Goodness in a Box

Hundreds of Triangle families will be eating fresh fruits and veggies that arrived straight from the farm to their doorstep this summer.

“It doesn’t get any fresher,” said Courtney Tellefsen, founder of The Produce Box, a co-op of moms (and a few men) delivering produce from a community of farm families every week.

The concept for home delivery of fresh produce from North Carolina farms started when Tellefsen participated in a traditional community supported agriculture farm membership, but couldn’t always get to the farms to reap the harvest because of her family’s busy schedule, and wasted her up-front membership costs of about $600.

“Ultimately, although I hated to admit it and was embarrassed to say it, I just couldn’t seem to get myself together enough to get there and get that bag of goodies each week. And finally, I chose not to renew for the following year,” she said. “So I thought if I could change a few of the parts of the program that didn’t work for me, maybe it would work for lots of other people too.”

Turns out she was right. In her fourth season, the response has been overwhelming, with more and more families signing up for The Produce Box delivery.

“They love that we personally meet the farmers we work with and know exactly where every item comes from. They like that it’s delivered to their door and that they have a hand in supporting this fantastic group of hard-working farmers,” she said. “Some call us their summer Santas or veggie fairies.”

How It Works
Members go online and create an account and receive an email every Friday letting them know what produce is available for the following week. Families have till Sunday night to go online and choose from an A, B, C or O (for organic and/or chemical free) variety box featuring veggies and fruit picked at the peak of ripeness, not ripened on a truck on its way here from another state or country. Each costs $22.

They can add other specialty products like honey, bread, jams, etc. According to Tellefsen, families can skip the week or even future-skip a set of weeks if they know they will be out of town.
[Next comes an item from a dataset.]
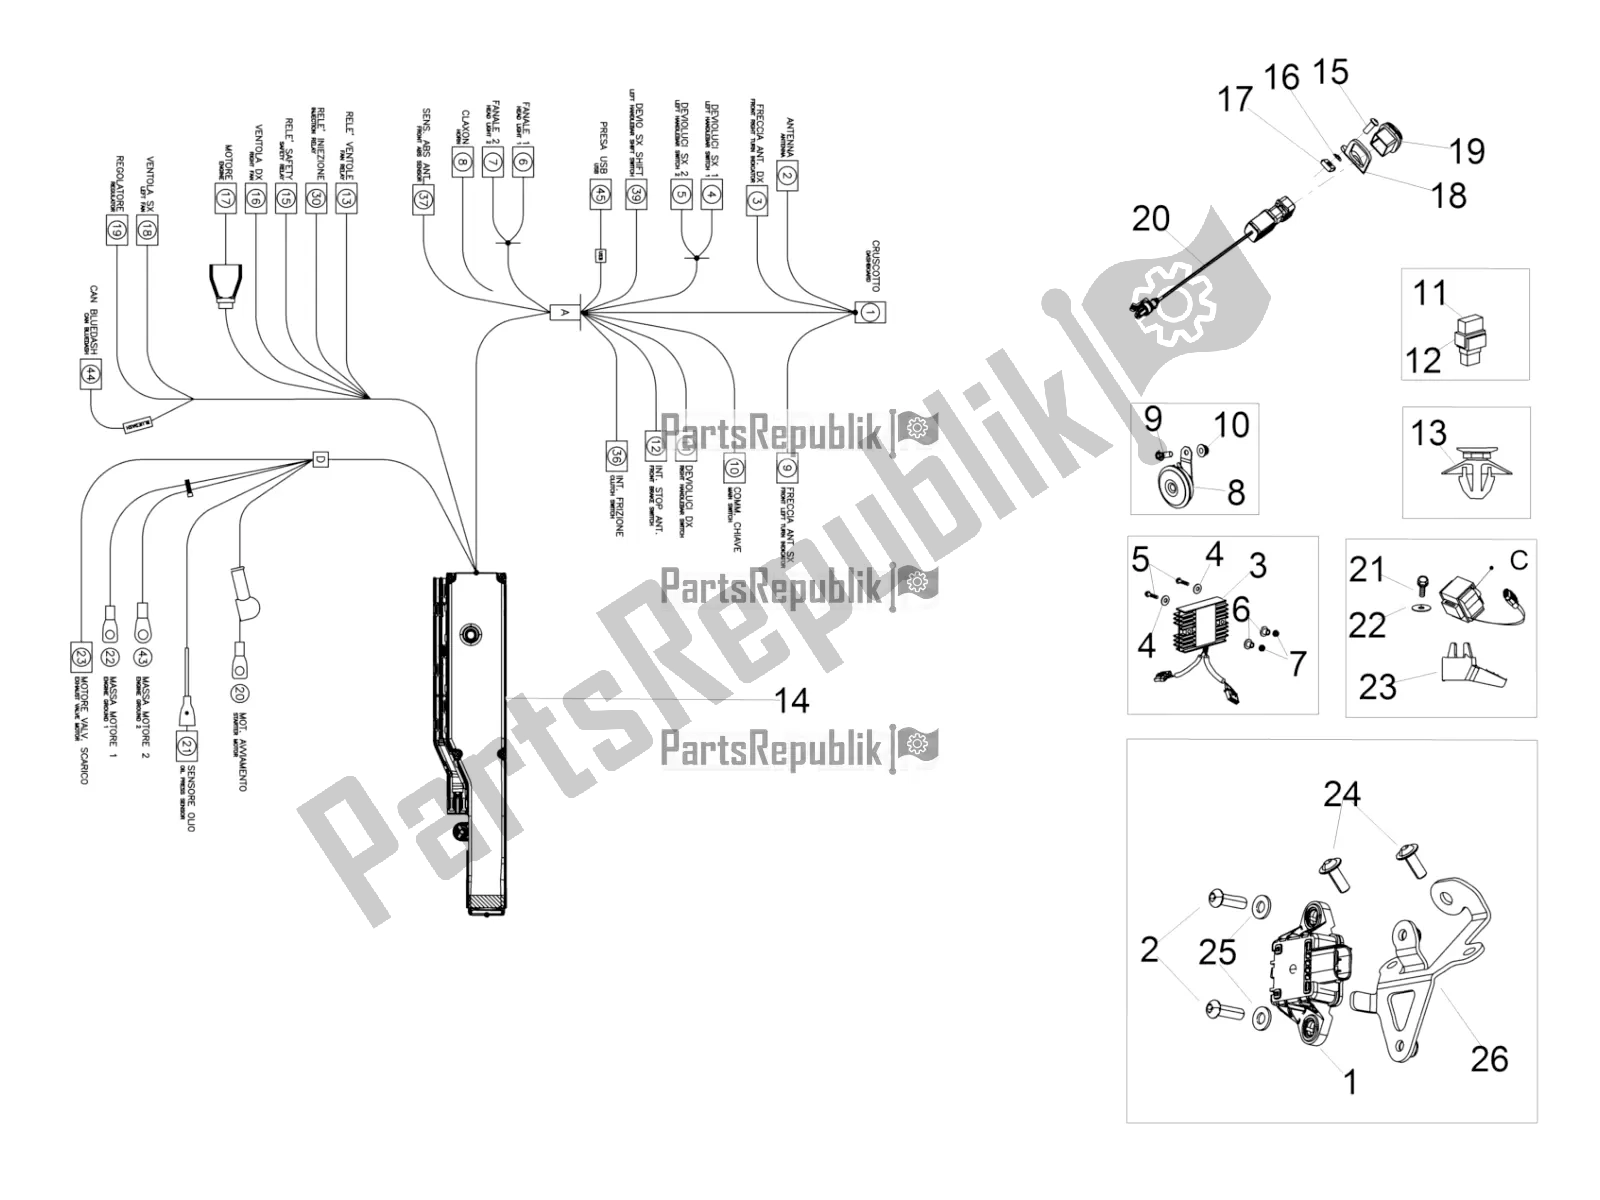 All parts for the Front Electrical System of the Aprilia RSV4 RR ABS 1000 2018

“We are not an online grocery store,” said Tellefsen. “We work with our farmers to build the boxes each week based on what our members say they want, and just as importantly, what the farmers have and what is at the peak of ripeness.”

The harvest season goes from mid-April to November and includes up to 97 different crops, according to crop coordinator Kevin O’Conell. There are strawberries, lettuces and asparagus in the spring; corn, peaches, melons, herbs, tomatoes and cucumbers in the summer; apples, squashes and potatoes in the fall, to name a few.

“We have a farmer in Sylva, N.C., with a century old orchard, and those apples are delicious,” Tellefsen said. “Members love the green beans, popping Dixie Lee peas out of their shells and husking our sweet N.C. corn as well.

“Many say it reminds them of all the ‘fun’ work their grandparents used to make them do.”

Farm Fairies
Becky Enzor owns Drowning Creek Farm in Fairbluff, N.C., in the western part of Columbus County, and is one of the 25 small-to-medium sized farms contributing to the co-op. In her second year, she sells her Asian pears, shiitake mushrooms, persimmons and figs to Tellefsen for a fair market price, but the reward is greater than money.

“It’s a sheer joy that a family is sitting down to eat what we grew the day after we harvested it,” said Enzor. “I grew up on a farm and know what it’s like to have fresh veggies to pick and eat at lunch.

“There’s no substitute for it.”

The farm has been in her husband Jimmy’s family for at least seven generations. A horticulturist and landscaper by trade, she works with the Southeastern Community College in Whiteville to help with its agriculture biotechnology and environmental sciences technology programs by hosting interns and mentoring the next generation of farmers.

She supports initiatives like The Produce Box that allow farmers who use small acreage to produce high quality crops and be able to make a living.

“(Biotechnology) is changing the face of farming and taking care of the land to work in harmony with insects,” Enzor said.

Much has evolved since she was studying agriculture at the University of Georgia in the ’70s. “I would have been the laughing stock if I thought we would ever be organic on the East Coast because of our high humidity,” she said. “Now I am a one of those growers. To me, that’s very exciting.”

Farmers are also returning to our roots with heirloom varieties and diversifying crop varieties so farmers don’t have to compete with each other.

For example, Tellefsen said families can expect kiwi and even rice from N.C. farms this year. For Tellefsen, connecting producers with consumers is what The Produce Box is all about.

“We want to connect farms and families, support our local economy and educate members on the benefits of eating farm-fresh whole foods picked or produced at the peak of ripeness for maximum flavor and nutritional value,” she added.